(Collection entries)
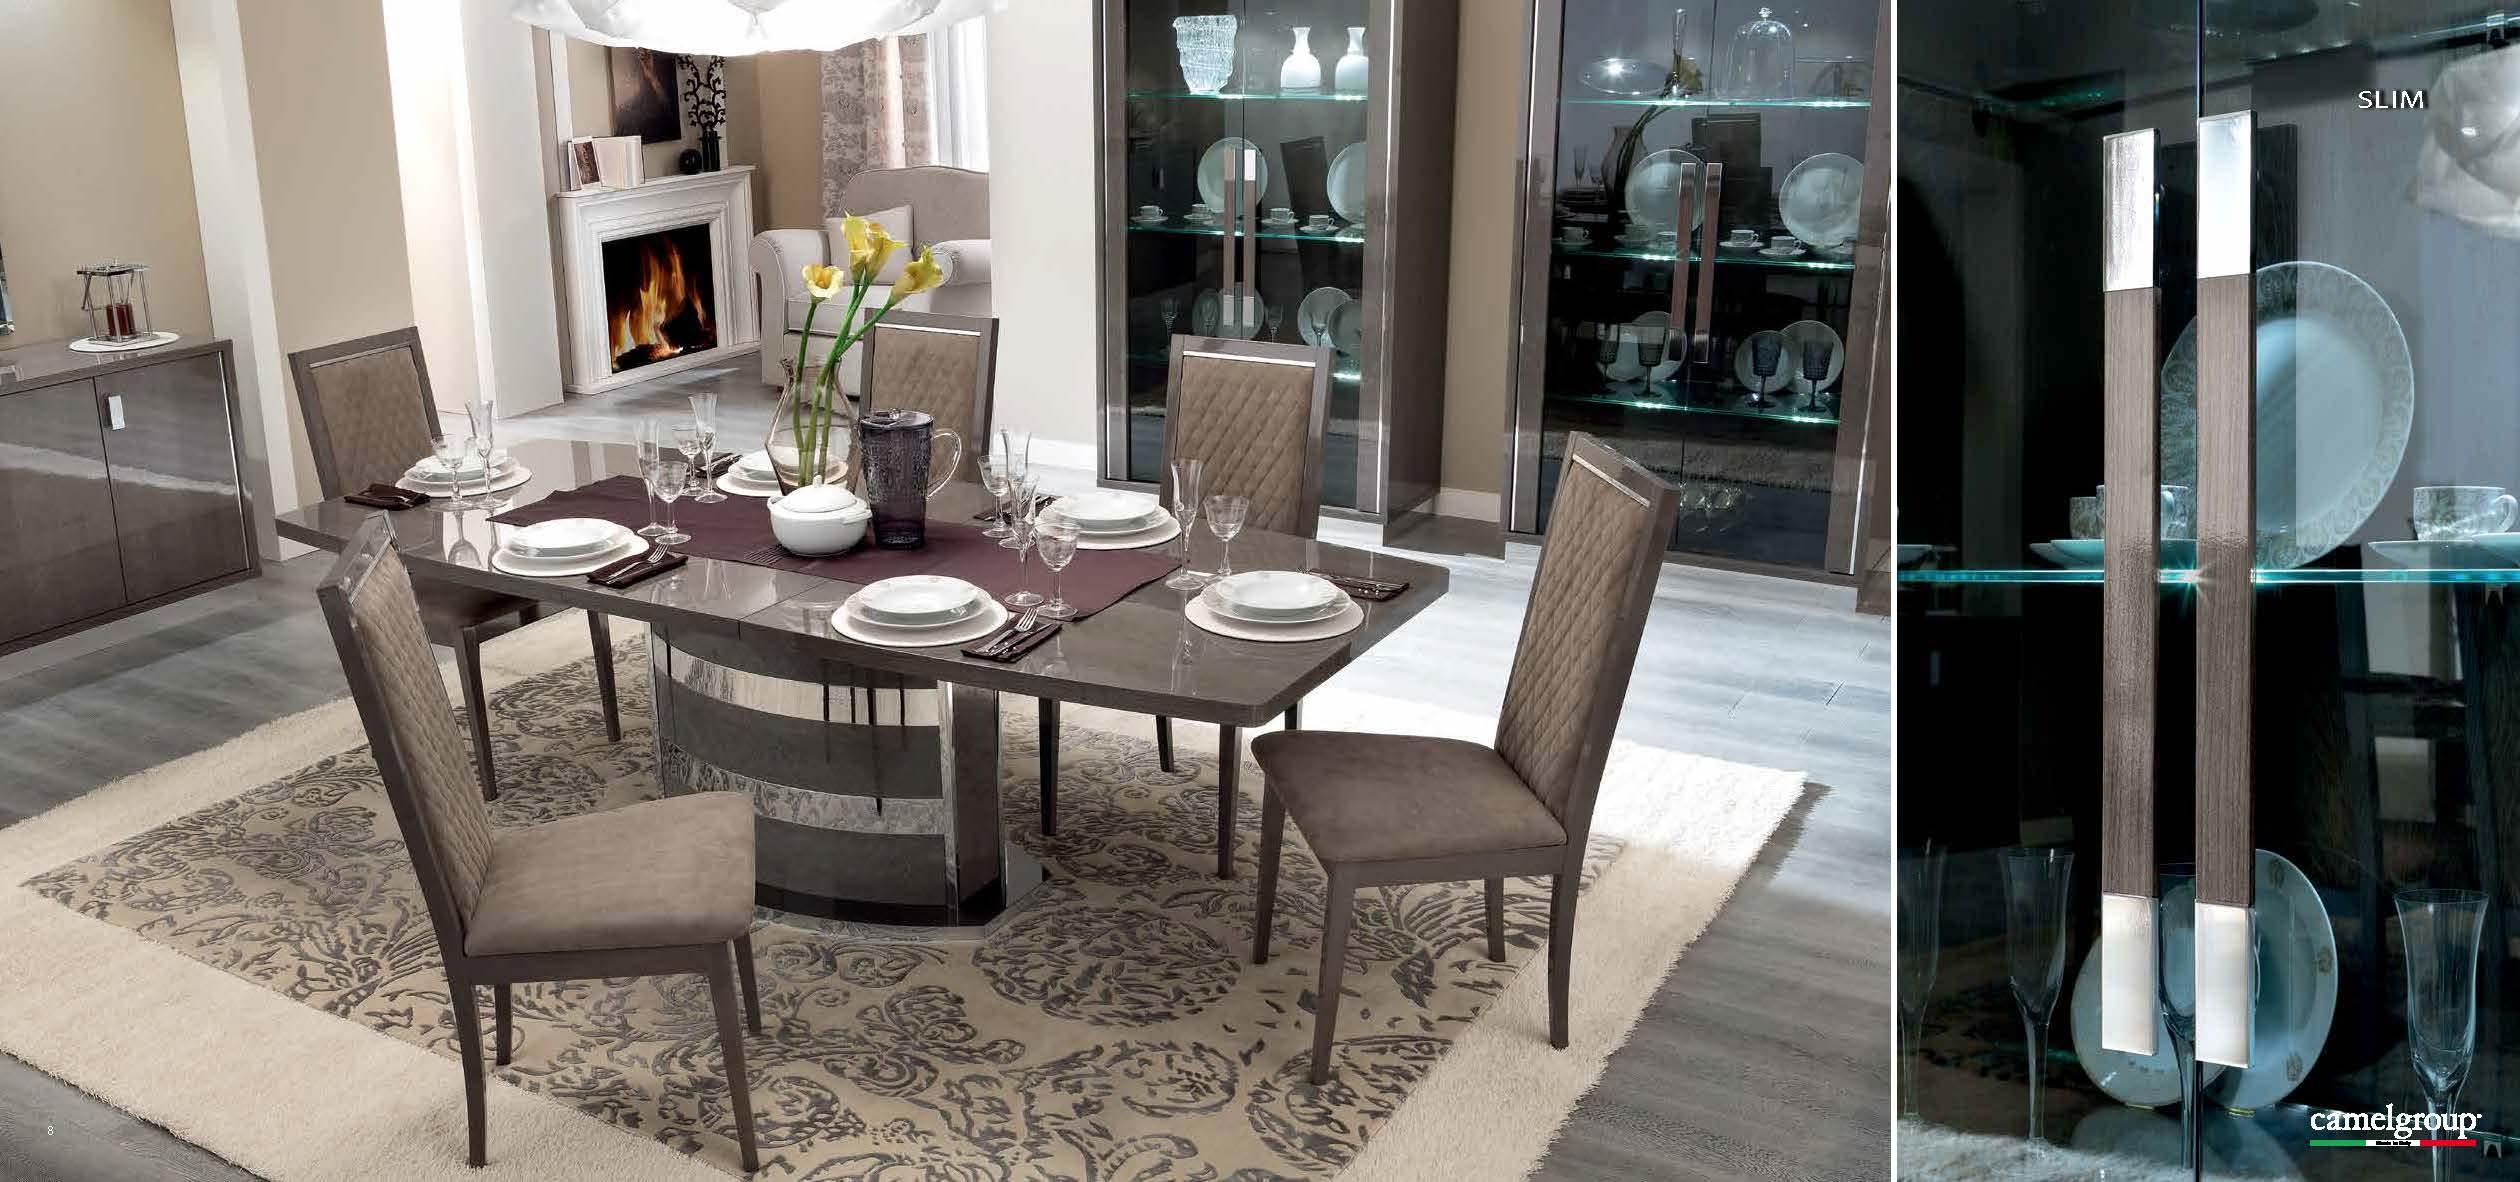 Platinum Slim Dining Room Furniture Modern Formal Sets
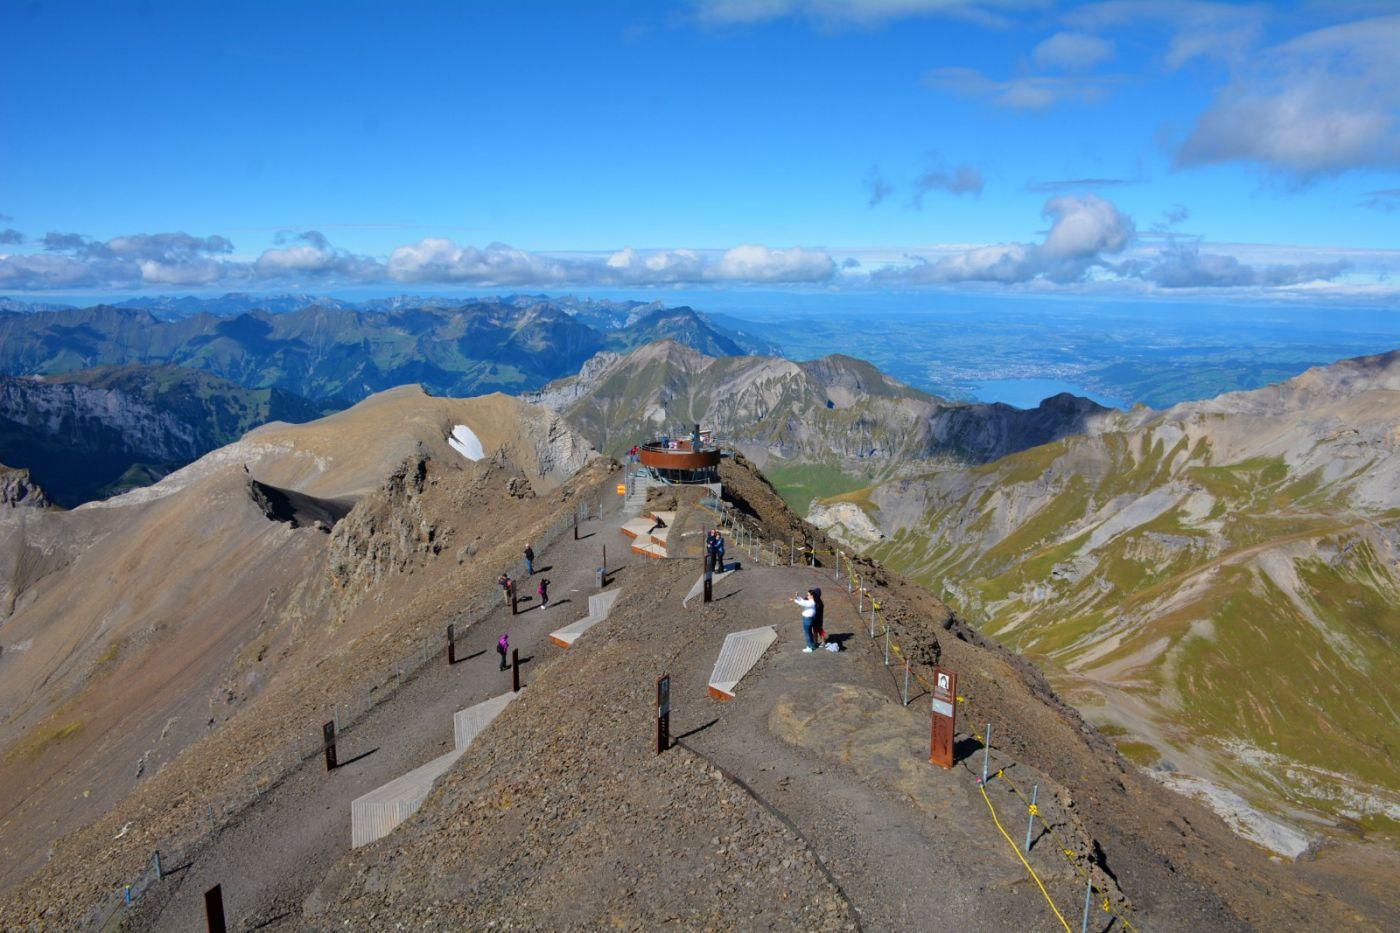 登上阿尔卑斯山遥望少女、勃朗峰_图1-4
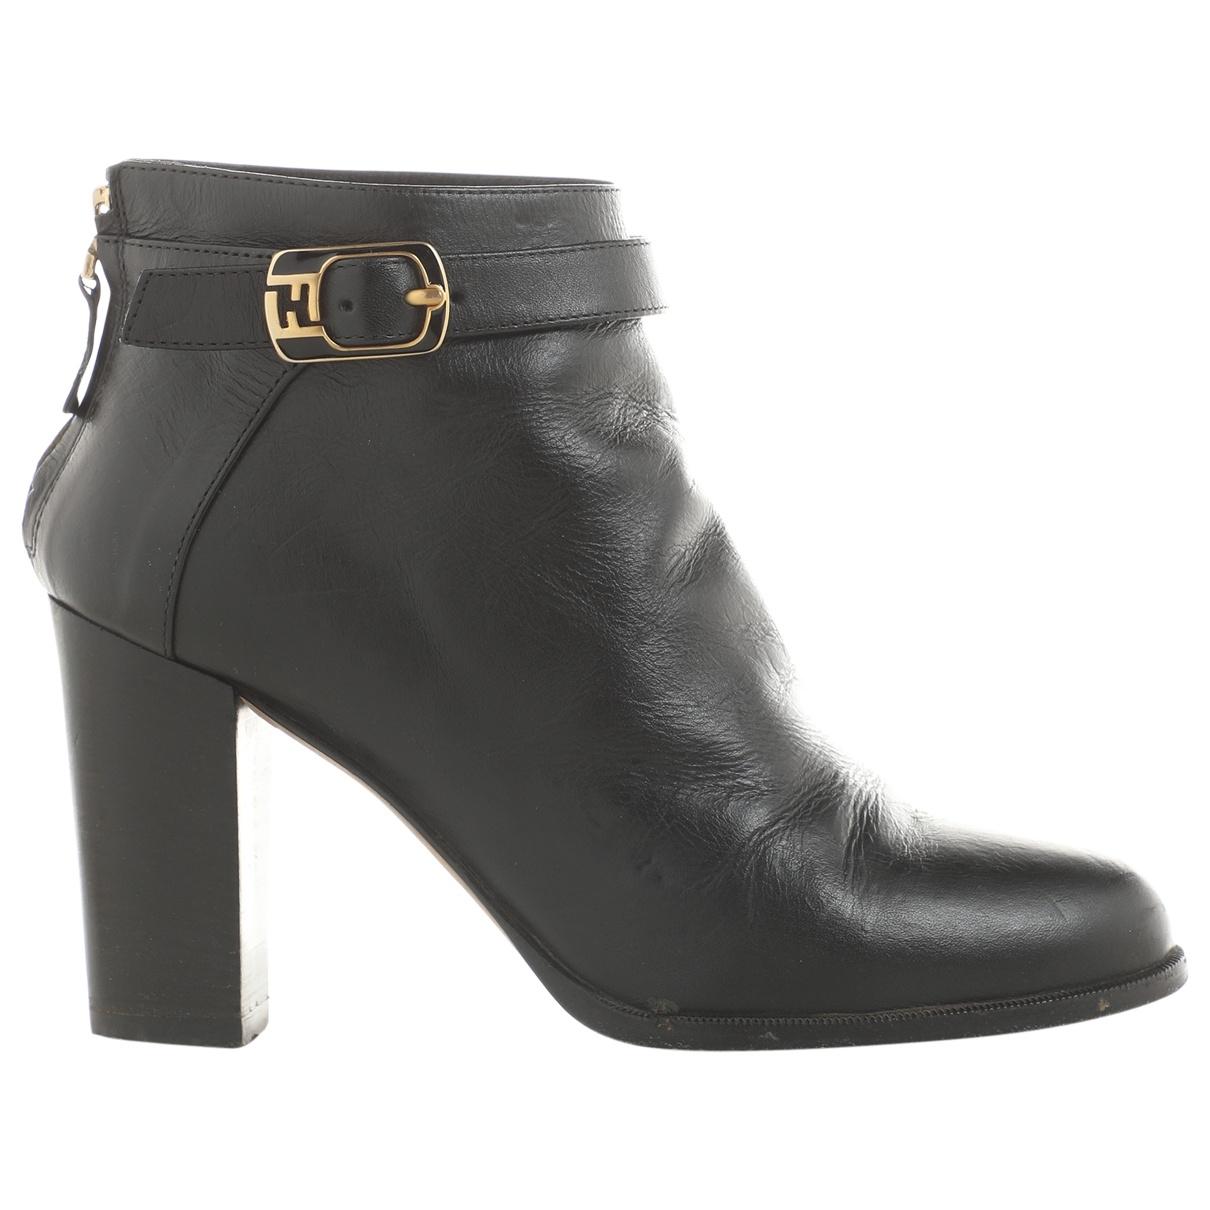 Fendi - Boots   pour femme en cuir - noir
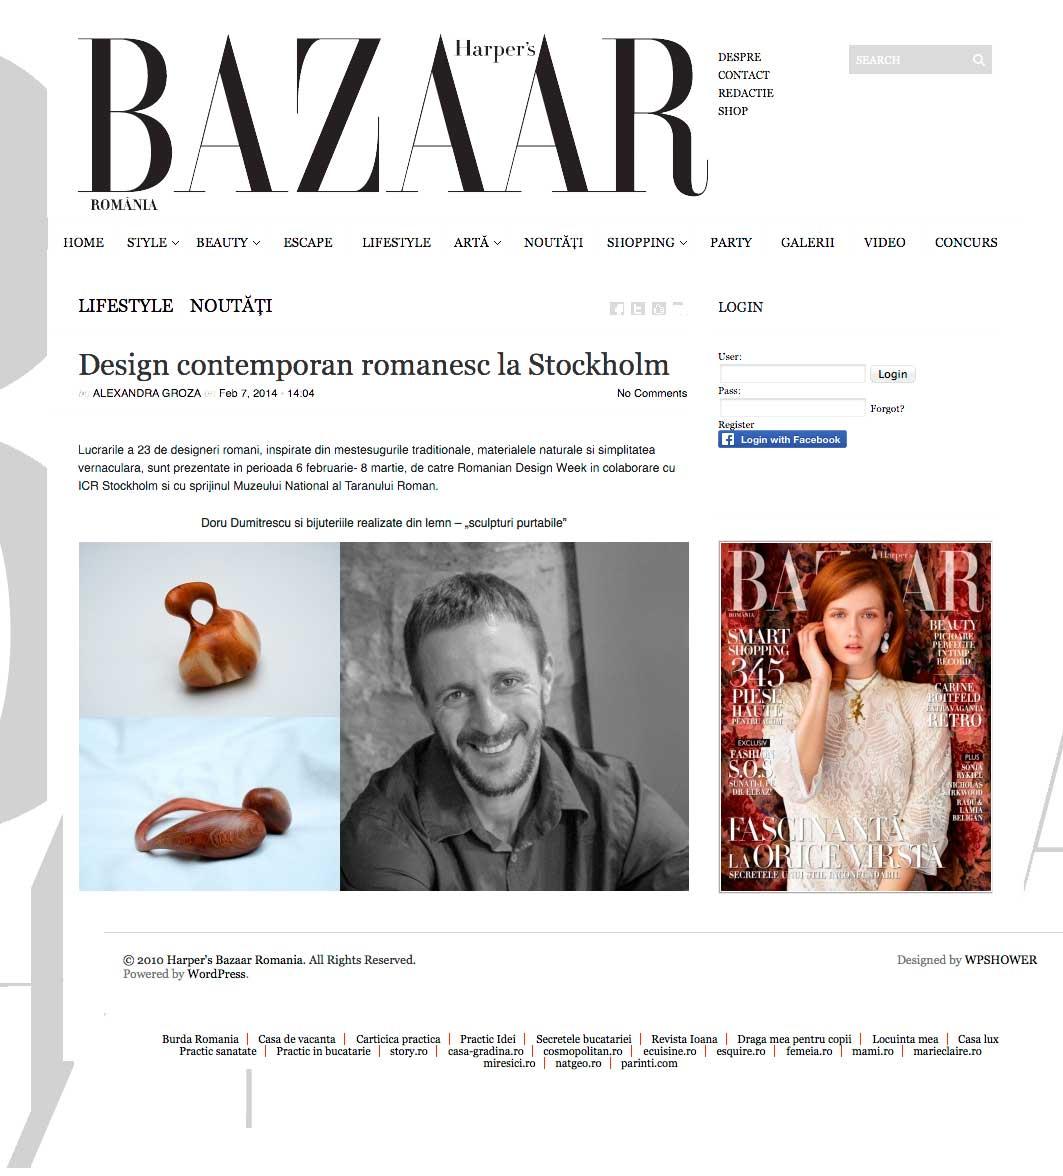 Harper's Bazar Romania, Doru Dumitresku, portrait – febbraio 2014
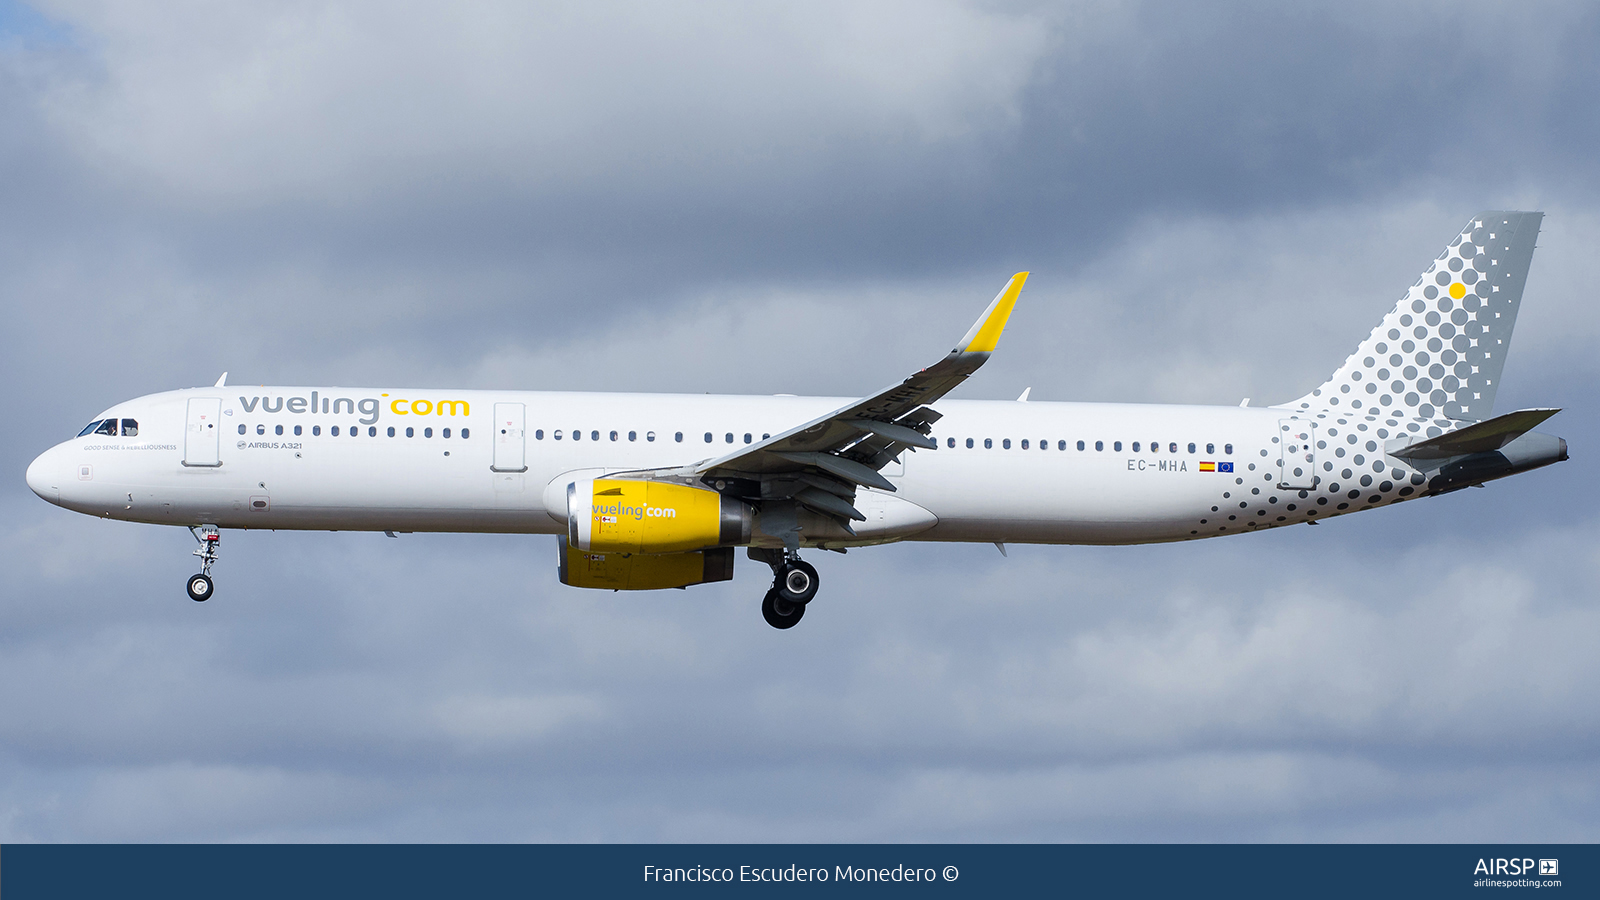 VuelingAirbus A321EC-MHA

### What is expected
Reproduce, word for word, the lines from the one containing "登上阿尔卑斯山遥望少女、勃朗峰_图1-4" through the final line above. Leave every picture out.

### Response to the exercise
 登上阿尔卑斯山遥望少女、勃朗峰_图1-4
 Fendi - Boots   pour femme en cuir - noir
 Harper's Bazar Romania, Doru Dumitresku, portrait – febbraio 2014
 VuelingAirbus A321EC-MHA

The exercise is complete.